Он занимался с ней молча, механически, без нежности, без слов. Тело делало своё, разум отключился. Потом лежал на спине, курил, смотрел в потолок. Девка принимала душ за перегородкой, шумела вода. Он думал ни о чём. Пустота внутри, привычная, удобная.

Час закончился. Оделся, вышел. Остальные уже ждали внизу, сидели на диванах, пили пиво, которое дала мадам. Лица довольные, расслабленные. Милош хлопнул Дюбуа по плечу.

— Нормально?

— Нормально.

Вышли на улицу. Ночь, холод, мелкий дождь. Пошли обратно к казармам, через пустые улицы, мимо закрытых магазинов, мимо бомжей на картонках. Город спал. Легионеры шли молча, плечом к плечу, как на марше. Братство без слов.
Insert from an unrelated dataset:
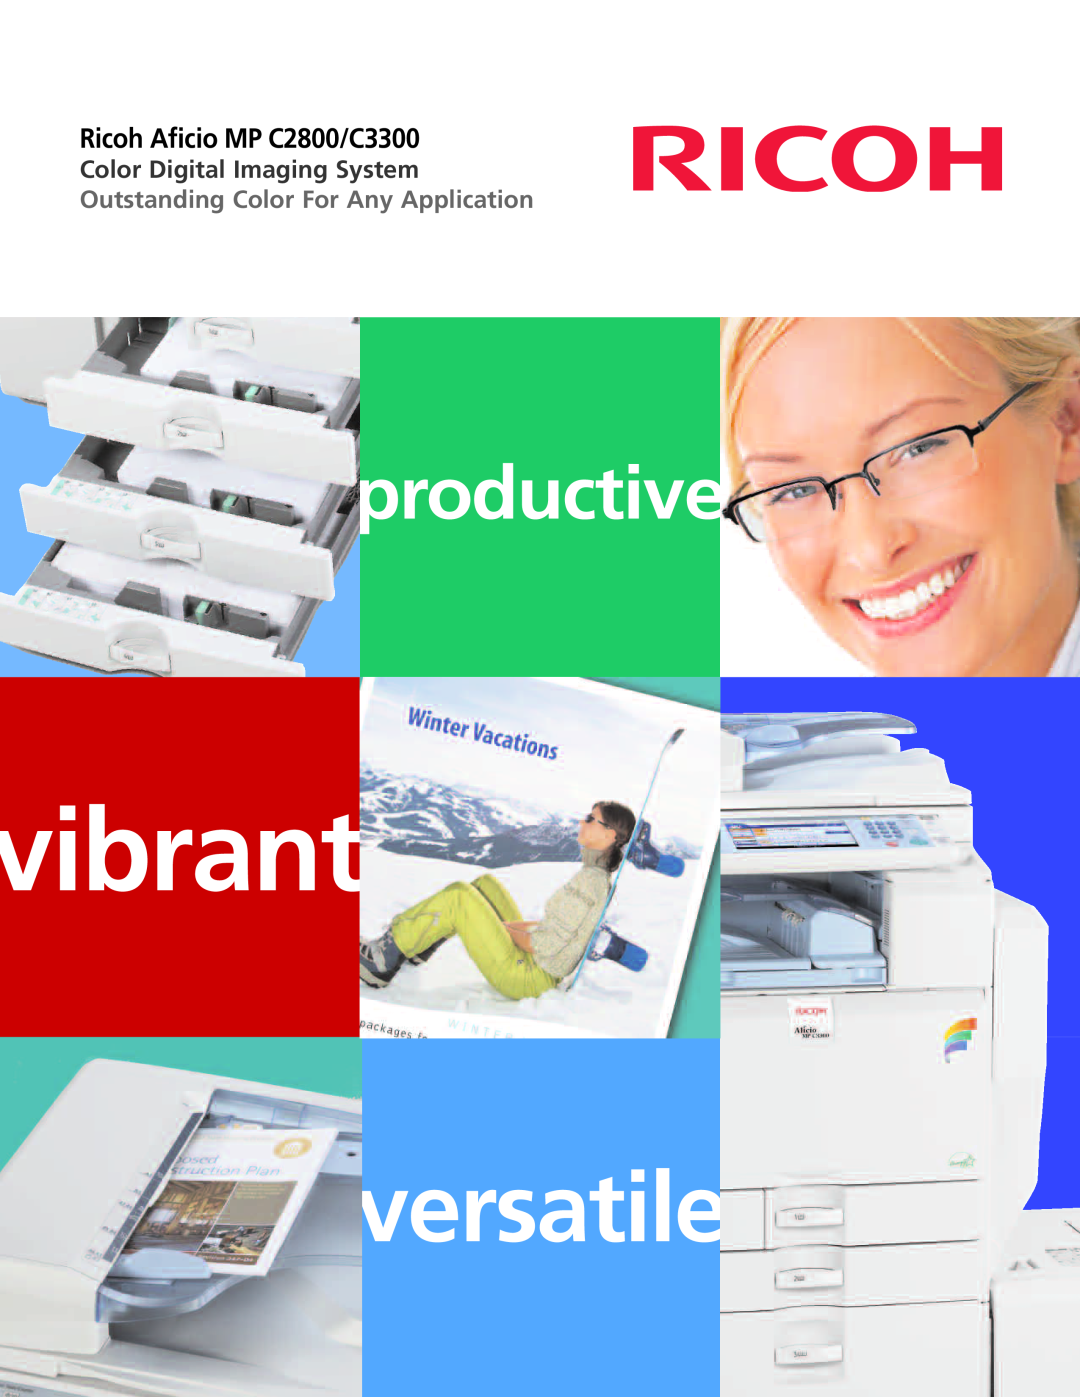 Ricoh MP C2800 manual vibrant, versatile, productive, Color Digital Imaging System, Outstanding Color For Any Application

Союз тех, кто завтра может умереть.

Вернулись в казармы к часу ночи, прошли караул, разошлись по баракам. Дюбуа лёг на койку, не раздеваясь. Закрыл глаза. Тело болело — от драки, от напряжения, от девки. Но в голове была ясность. Он сделал то, что хотел. Выпил, подрался, трахнулся. Выжил ещё один день. Завтра будет следующий.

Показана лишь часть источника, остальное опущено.